Lo que huele tiene también corporeidad. La rebanada de pan que se tuesta en la lumbre, el calor que vierte como una fuente la cafetera, el barro endurecido de la taza. El desvelado crea imágenes con aromas. El de los cuerpos que llegan del campo, el de los que salen el domingo por la tarde hacia el baile. Moldea volúmenes con fragancias. La acidez de las naranjas y de los limones, el dulzor de las fresas, lo floral de las manzanas. La salinidad que revolotea en el aire cuando el mar se encrespa y acaba por discutir todas las ideas. 

¿Ese ruido, madre?
El viento. Lo trastorna todo.
No, el viento ya lo oigo. Digo ese chasquido.
¿Cuál? Hay tantos. Lo aturrulla todo el viento.
Ese tris tris.
¿Serán las cañerías al pasar el aire?
No, eso lo conozco. Es como un rechinar, en grande.
¿Dónde lo oyes?
Hacia la izquierda. Por allí.
Ah, no es nada. Una bolsa que se ha quedado atrapada en la verja.
¿Una bolsa? ¿Qué tipo de bolsa?
Una bolsa de plástico. De las que dan en las tiendas.
Sí, lo veo.
El viento la empuja y el alambre la frena.
¿Tantas bolsas hay perdidas?

No hay más lugar que el que alcanzan los dedos a desentrañar. La piel rugosa de los revestimientos. La aspereza de las paredes donde la pintura se ha ido secando en su correoso noviazgo con el tiempo. Las maderas cuya suavidad busca compañía. Quien deja la mano sobre la mesa de nogal, quien acaricia el abedul de las molduras de la silla. La impresión fría del cristal, su seductora perfección de realidad superpuesta. La rugosidad desengañada del barro. El puchero, el cántaro, las orzas. Cuando palpar es conocer el horizonte está concentrado en la materia. No hay ideas, solo asimiento.
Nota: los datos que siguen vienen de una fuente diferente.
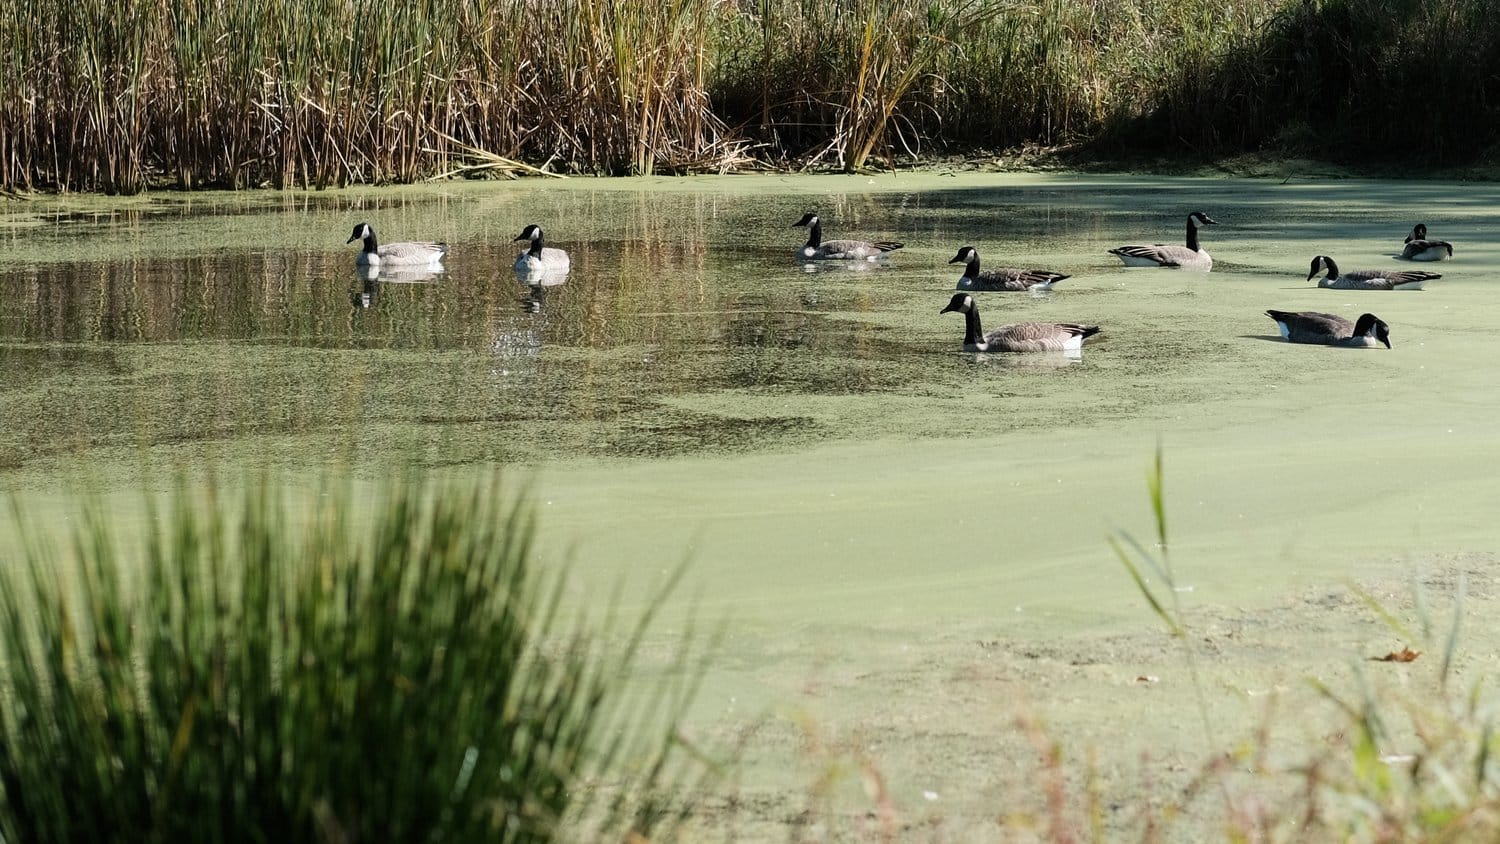 Geese on a little marsh area.

La oscuridad es el envés de una visión. Es la visión concebida como atmósfera. Como líquido. Como humo. Como sima. Es el interior de un envoltorio. El relleno de una tarta que aguarda en una repisa del obrador. Lo que se transporta en un baúl que recorre la línea ferroviaria apilado junto a una ventana. Que no contempla. La parte rugosa del tapiz que no trasluce los tintes. Donde están anudadas las costuras de lo real que la mirada no ve. La negrura de los ojos que la ven. De los ojos que solo acceden al dorso de la claridad.

Una manzana es el chasquido de la carne jugosa cuando hincan los dientes en ella su voracidad. La tersura en la mano que la ha acerado a la boca. El aroma ácido a tierra que desprende. Es la tarde remansándose y alrededor una bandada de estorninos al posarse en las ramas del eucaliptos más alto. Un lápiz también puede ser una manzana, se dice. Si al dibujarla el rumor del grafito sobre el papel se condensa en una imagen que carecerá de cuanto convierte en manzana una manzana. Quizá también lo sea. El papel cruje, es terso. No es jugoso.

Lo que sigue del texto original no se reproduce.